Why are you adding salt to your tank? Salt is not going to make them more aggressive, heat will.


----------



## n0bie (Feb 15, 2004)

i added some salt to releave stress when i do big water changes


----------



## n0bie (Feb 15, 2004)

the water temp is the same as it were , so it was not the temp who made them more agressive


----------



## NTcaribe (Apr 8, 2004)

probably just coincidence


----------



## n0bie (Feb 15, 2004)

this is the 2 time it happends, whats why im asking


----------



## waspride (Jun 13, 2004)

NTcaribe said:


> probably just coincidence
> [snapback]941564[/snapback]​


----------



## thePACK (Jan 3, 2003)

move to water chemistry forum


----------



## Mack (Oct 31, 2004)

You should not be adding salt to relieve stress.


----------



## myles (Feb 27, 2005)

yeha as far as salt goes i here the whol charnagines family is really unique because i read a book on them and it says that they have evalved from purely fresh water, where alot of fish originated from the ocean, thus menaing there tolorance to salt is very low beacuse they would otherwise originaly never really come into conatct liek it. ofcorse i jus read this in a book about charnagines so im not expert jus giving my 2 cents if enyone else has herd this or has eny thign to say about it iv love 2 hear. ofcorse at the same time i wonder concidering there is a mouth to the amazon that goes inot the ocean sooo i dnt kno.


----------



## mattd46612 (Mar 8, 2005)

This site need's a integrated grammar/spell checker.


----------



## n0bie (Feb 15, 2004)

mattd46612 said:


> This site need's a integrated grammar/spell checker.
> [snapback]942043[/snapback]​


yeah and people remover for peps like you


----------



## MR.FREEZ (Jan 26, 2004)

sound pretty odd, i dont see how that could cause aggrestion to up


----------



## corbypete (Jan 24, 2005)

unless you put a heaped tablespoon of salt in.... in which case they may be irritated


----------



## Dawgnutz (Mar 2, 2005)

The other day, one of my piranhas had a missing lower lip, due to a feeding fenzy (Shrimp and Krill) I added the recommend amount of salt and mine to became highly active. Don't know maybe its like crack for them?


----------



## r1dermon (Mar 9, 2005)

make sure its aquarium salt. not table salt. and 1 tspn for every 5 gallons. i'd go with half that and see what the reaction is. salt is always a good idea.


----------



## Mack (Oct 31, 2004)

If you insist on adding salt, make sure it is dissolved before you add it.


----------



## watermonst3rs (Feb 15, 2004)

r1dermon said:


> make sure its aquarium salt. not table salt. and 1 tspn for every 5 gallons. i'd go with half that and see what the reaction is. salt is always a good idea.

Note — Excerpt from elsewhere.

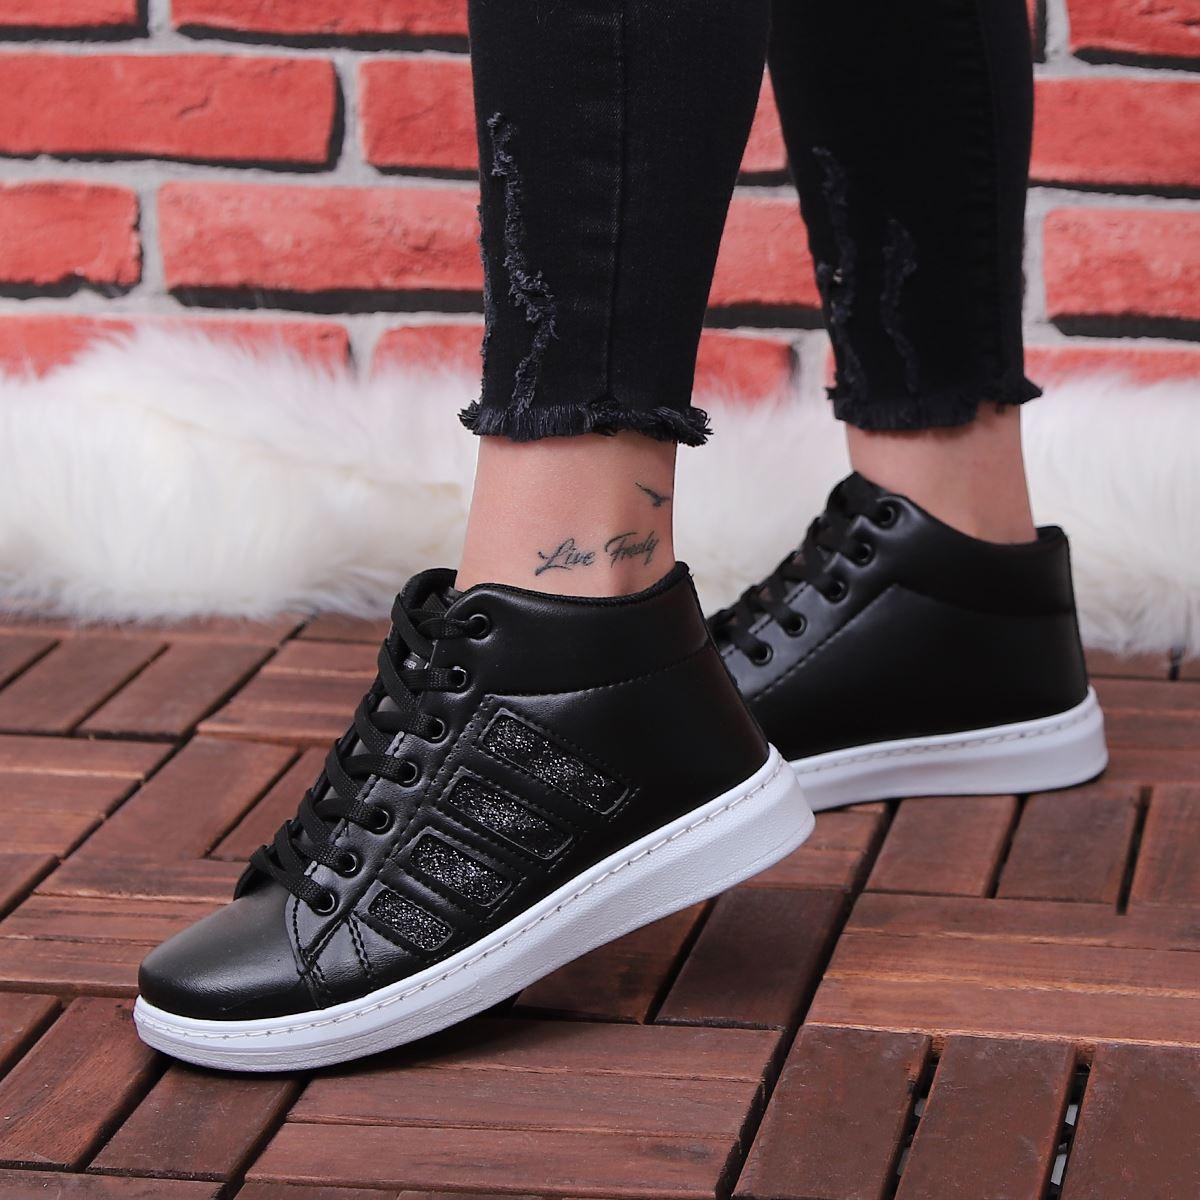 Siyah Tabanı Beyaz Şeritli Spor Ayakkabı AYK155

Table salt with iodine is perfectly fine. I don't know why people always assume it must be aquarium salt, that's a big myth. No they will not be harmed by the iodine.

P's fighting is quite normal behavoir, but maybe try lowering the temp, re-arrange the decor often and keep them well fed. Good luck, but you just never know when they may turn on their tankmates.


----------